▶ **RAW DATA**
⁂

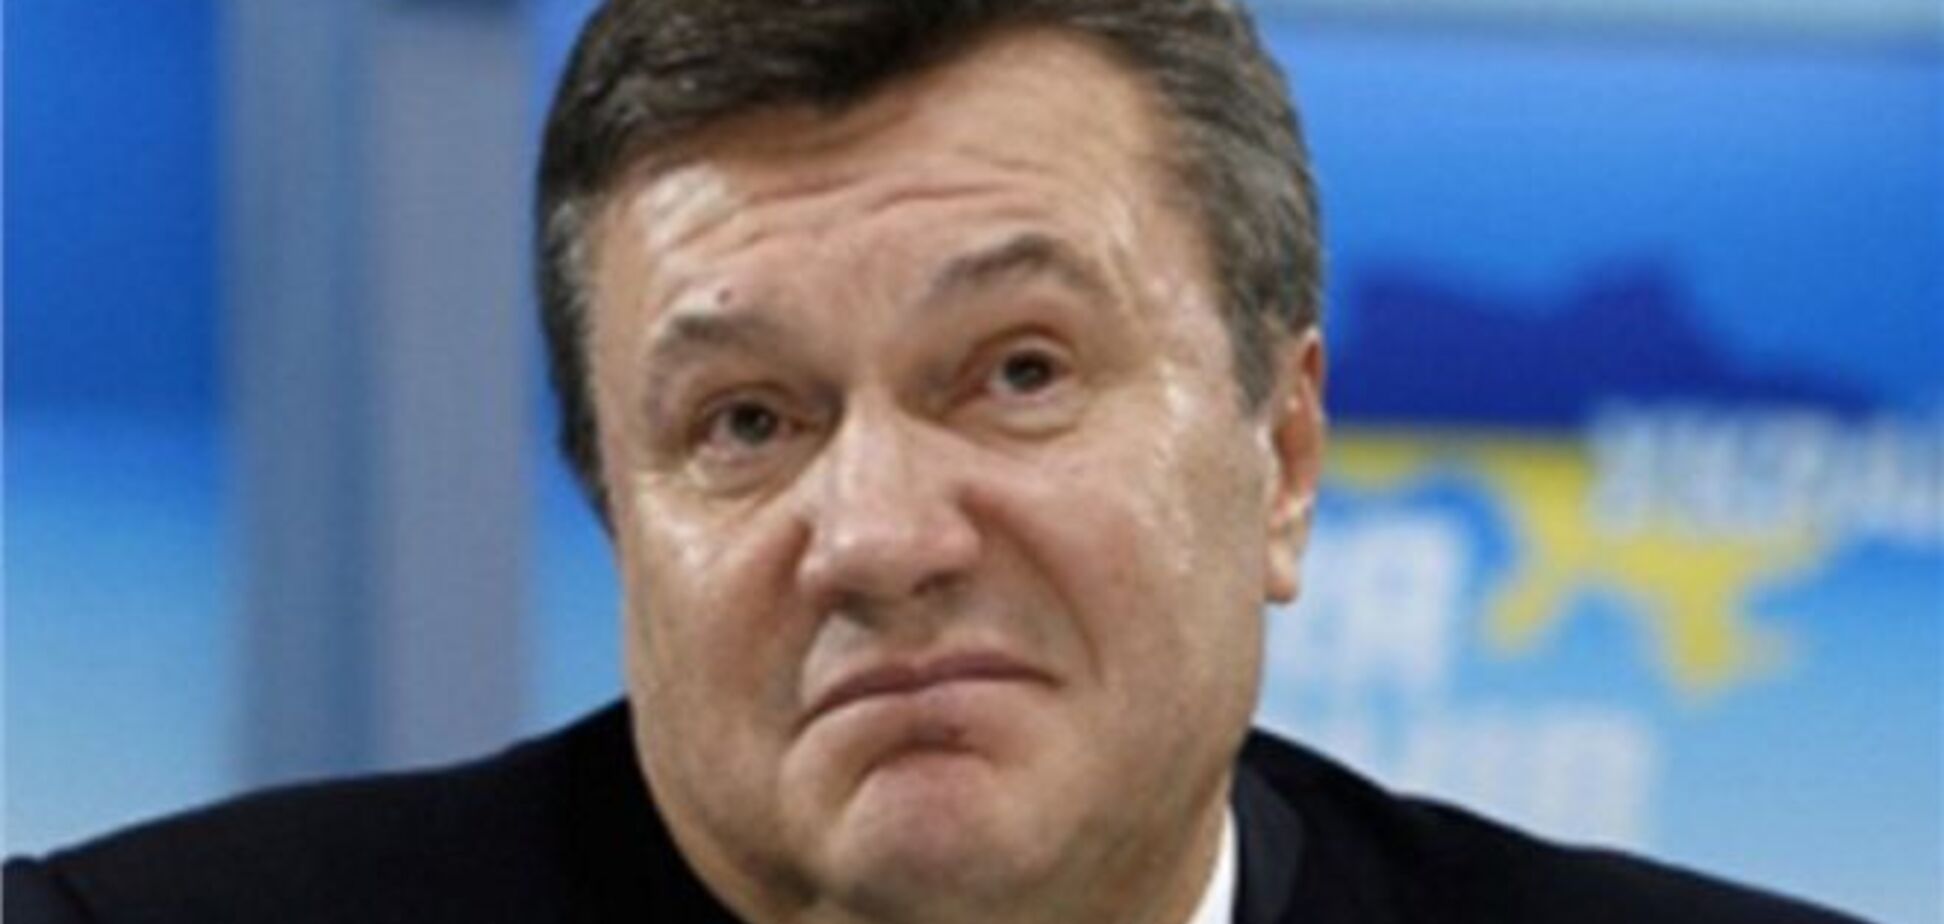 Треть россиян не знает, кто такой Янукович - опрос
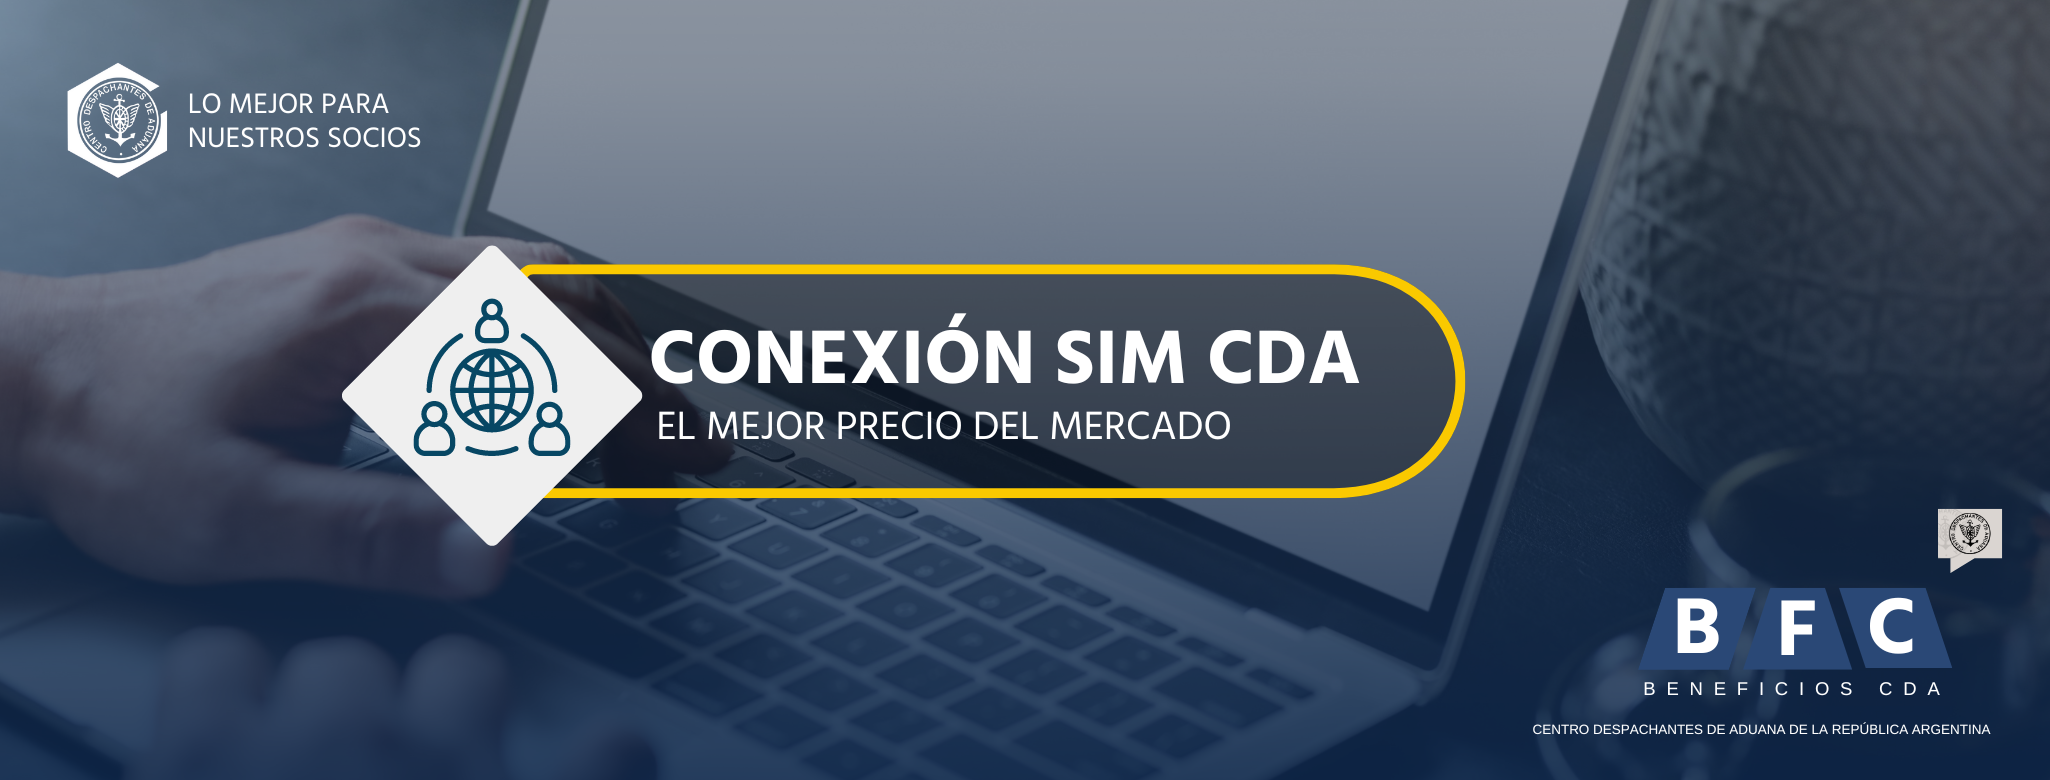 Servicio Exclusivo de Conectividad SIM CDA - Costo preferencial para socios 
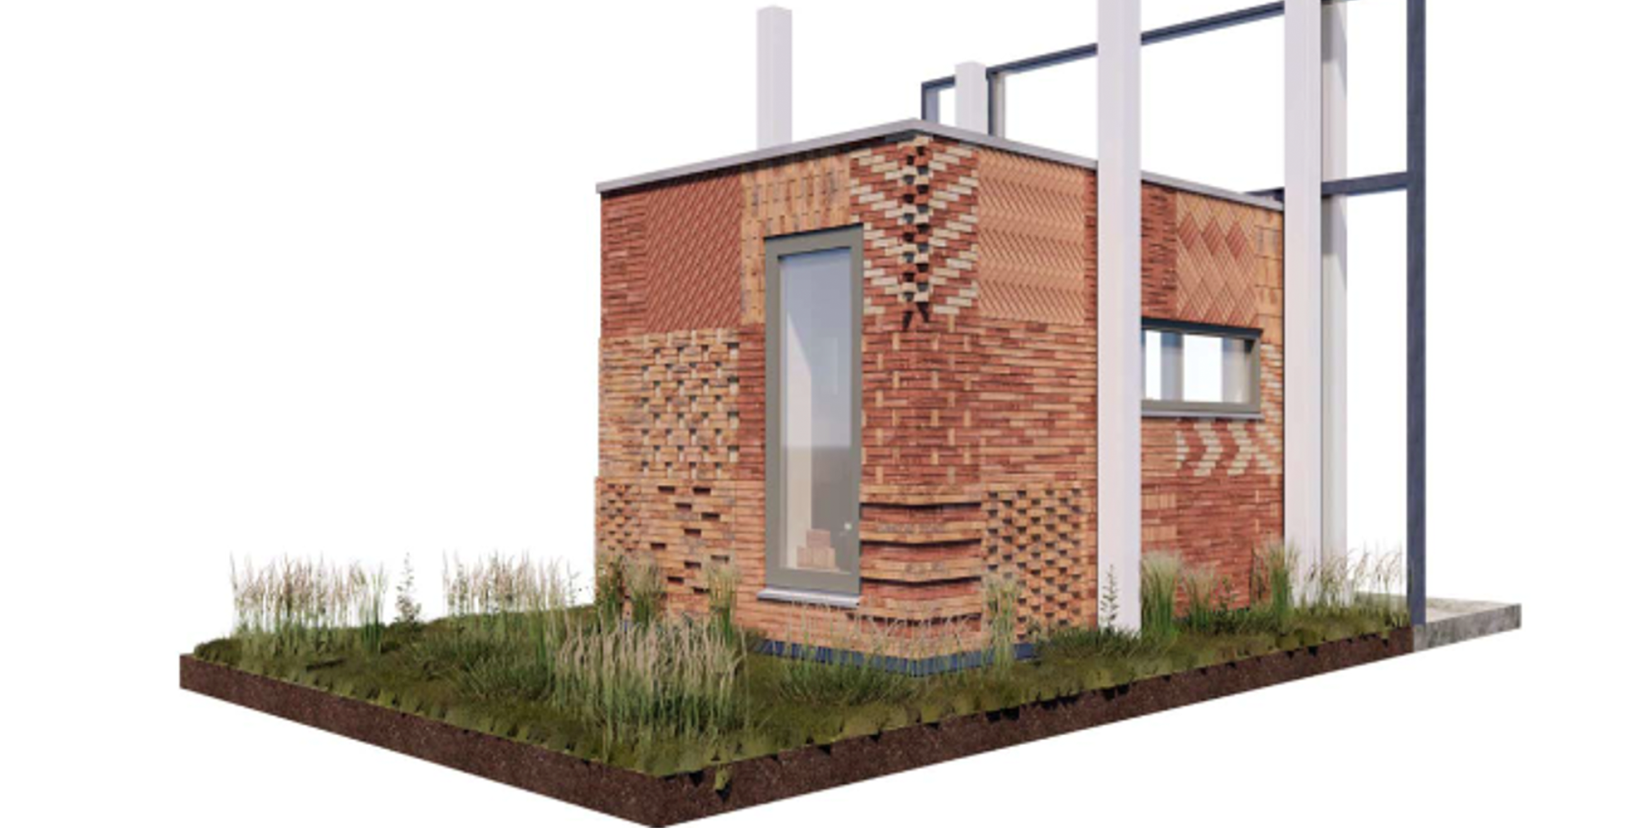 Brick Box – Restklezoorbox – Roffaa architectuur

⁂

▶ **WHAT THE EXERCISE ASKS**
Reproduce exactly, and only, the lines from the one with "Servicio Exclusivo de" to the final line of the listing above; the pictures are to be left out.

▶ **ANSWER SECTION**
 Servicio Exclusivo de Conectividad SIM CDA - Costo preferencial para socios 
 Brick Box – Restklezoorbox – Roffaa architectuur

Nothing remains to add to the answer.